Individual Final Project

Mapping the Thermodynamic Rules of Toehold Switch Function in Spinach Chloroplast Cell-Free Expression: an LDBT Approach
Abstract
Chloroplast cell-free expression (CFE) systems have recently been established as powerful rapid-prototyping platforms for plastid genetic parts, yet whether these systems can support synthetic RNA logic remains entirely untested. Toehold switches — de novo-designed riboregulators that activate translation in response to specific trigger RNAs — represent the most sophisticated programmable RNA gates in synthetic biology. Machine learning models trained on E. coli CFE data have begun to extract sequence-structure features predictive of switch performance using frameworks like SANDSTORM (Riley et al., 2025), but whether those learned relationships hold in a chloroplast ribosome context is unknown. This project addresses that gap directly.
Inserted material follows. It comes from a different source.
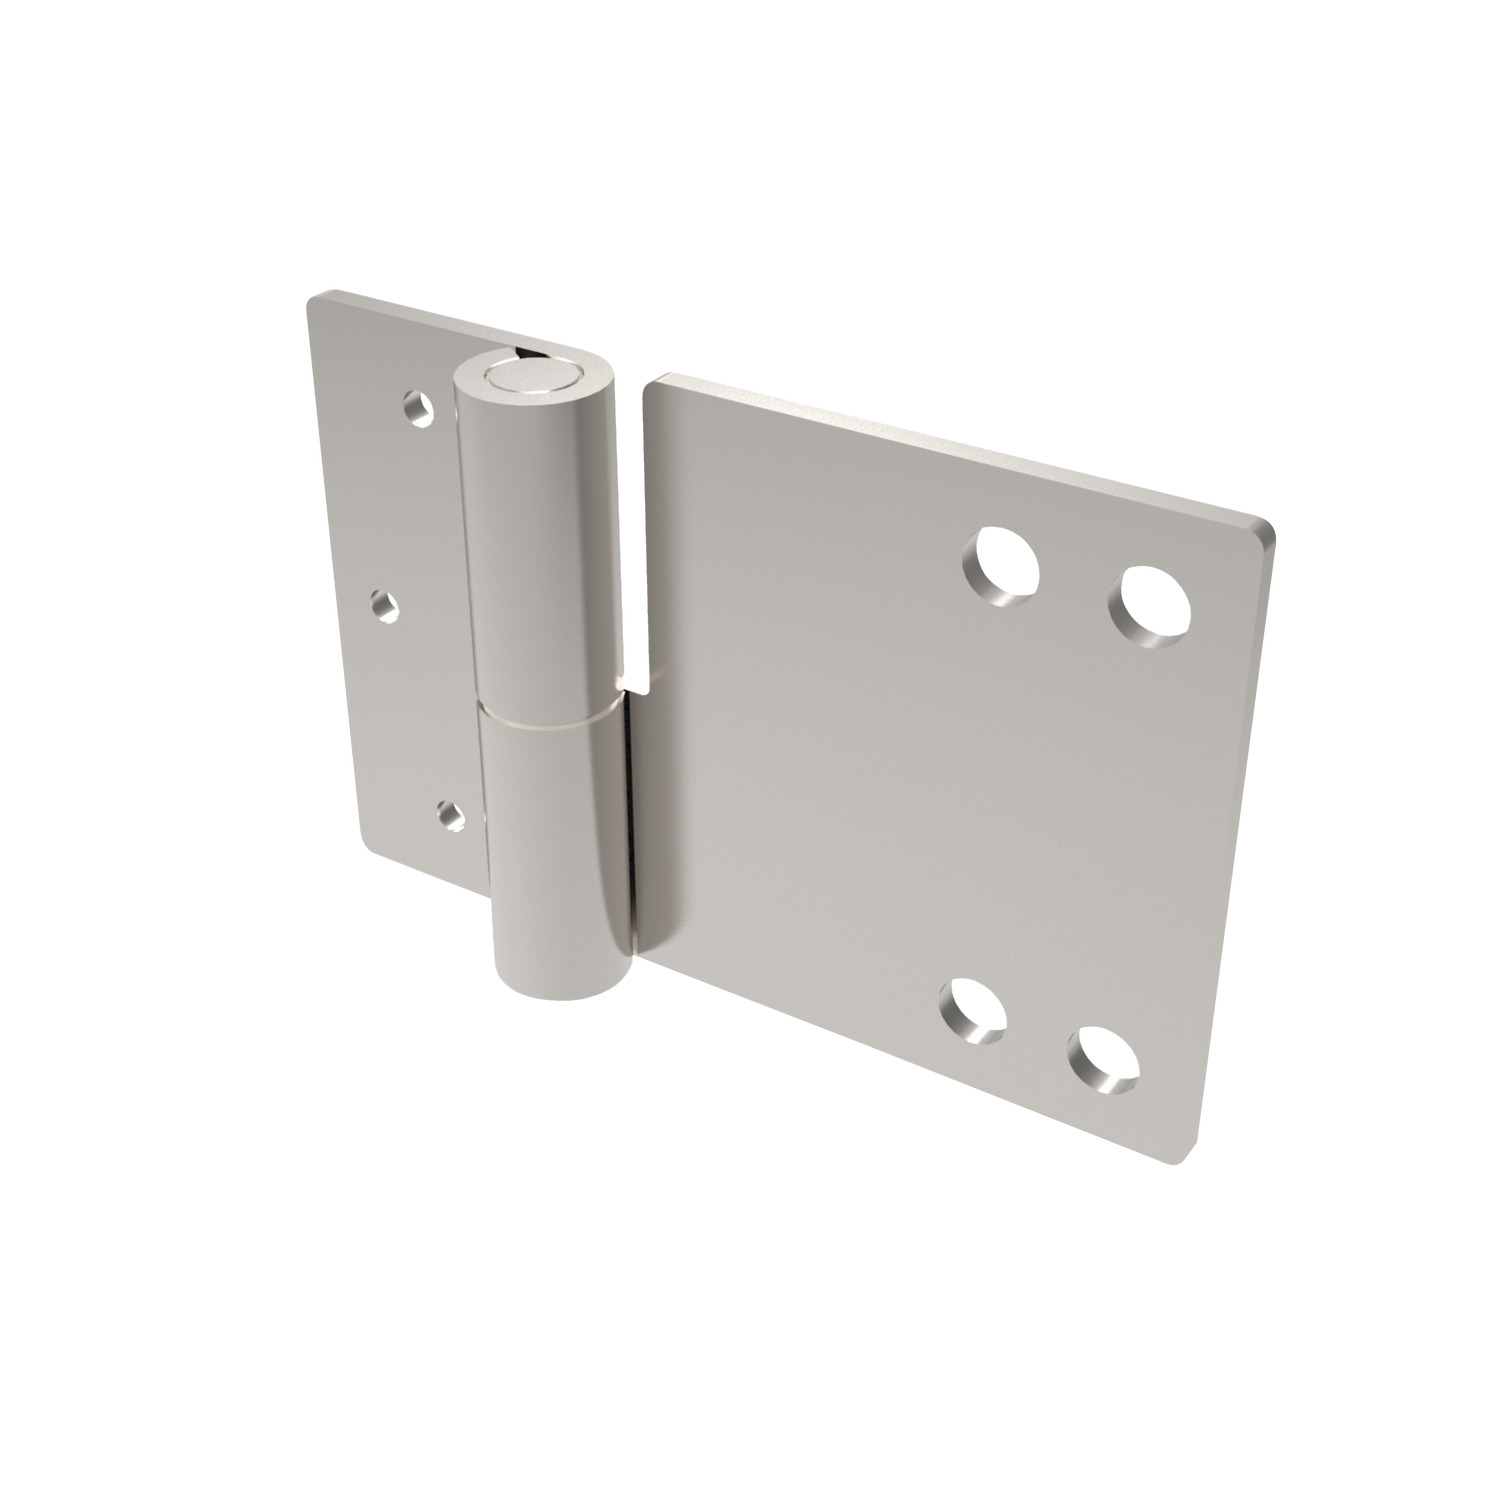 S2316.AW0010 Lift-Off Hinges off set - screw mount - s/s

Applying the Learn-Design-Build-Test (LDBT) framework, we train a SANDSTORM predictive neural network — a dual-input CNN incorporating one-hot-encoded RNA sequence and secondary structure arrays (Riley et al., 2025) — on the publicly available 181-switch E. coli dataset to learn sequence-structure-function relationships for toehold switches. The trained SANDSTORM model is then paired with GARDN (Generative Adversarial RNA Design Network) to generate 12–15 novel toehold switch candidates with predicted high ON/OFF performance in a chloroplast ribosome context, including PVY coat protein mRNA-triggered designs. Whole plasmid constructs are ordered from Twist Bioscience and tested in both spinach chloroplast CFE and crude E. coli S30 extract; a secondary SANDSTORM model retrained on the resulting chloroplast data constitutes the first sequence-structure-function ML model for toehold switches in a plant-native ribosomal context. The project produces the first empirical dataset and neural network model for toehold switch performance in plant chloroplast CFE, a transferable GARDN-SANDSTORM LDBT workflow applicable to any novel ribosome context, and a foundation for programmable RNA diagnostics manufacturable directly from plant material. All experiments are performed using the Ginkgo Bioworks autonomous laboratory infrastructure and open-access grocery-store spinach, demonstrating that LDBT with deep learning is executable at global-access scale.